To address the concern about validity of miRNA repertoires recently raised (22–24), the pipeline also provides MirGeneDB (24) as an option for human miRNA profiling with better annotations. The pipeline has modular designs on reference database mapping, which allows for adding/removing a customized reference sequence database, or changing the mapping order of databases very conveniently (through a markup configuration file). To summarize miRNA mapping results, sRNAnalyzer uses two read summarization strategies: single assignment and multiple assignment approaches first introduced in sRNAbench (19). Under the single assignment approach, each read is counted only once even when it maps to multiple reference sequences. In the multiple assignment approach, all mapped reference sequences are counted.

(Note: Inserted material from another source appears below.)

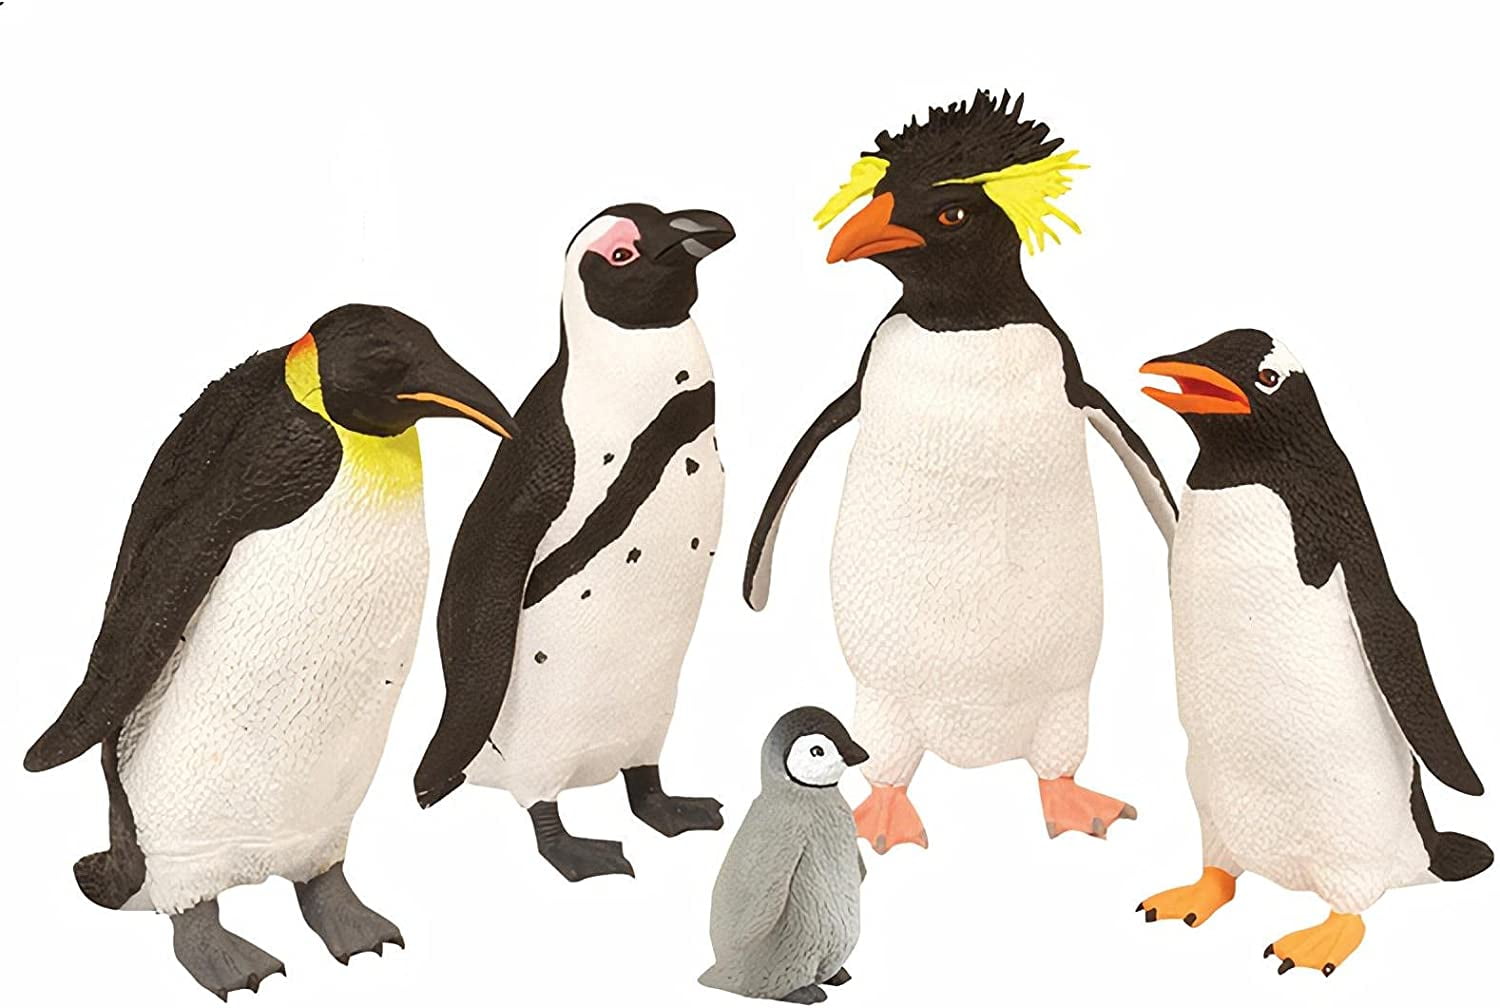 Set of 9 Liflike Penguin Family Model Figure Education Toy Gift Wild Animal

One of the difficulties associated with miRNA profiling or measurement is the extreme sequence similarity of some sequences, especially for mature miRNAs among family members (sequences can sometimes be identical). Under traditional approaches, identical reads from different samples may be assigned to different IDs, since the Bowtie aligner randomly assigns all the best matching reference sequences as the top hit. To solve this mapping issue, we adapted a local probabilistic model (LPM) to assign each mapped read to the most-likely miRNA within a sample (Supplementary Figure S3). This LPM is based on feature (sequence ID) ranking order, which is assessed by the frequency of mapped reads (a higher ranking order indicates the specific sequence ID has more mapped reads). Therefore, a miRNA mapping assignment is determined by both the alignment of individual reads and the overall mapped read count distribution among all the miRNAs within a sample.
Due to the nature of nucleic acid hybridization, which forms the basis of both qRT-PCR and microarray platforms, the results from qRT-PCR and microarray are less specific than NGS-based profiling results. To generate results that are in better agreement with other miRNA measurement platforms, the user can also select a weighted multiple assignment approach. For miRNA mapping, our default parameters count a perfect match (no mismatch) as 1, one mismatch as 0.8 and two mismatches count as 0.6. Users can also change these weight factors.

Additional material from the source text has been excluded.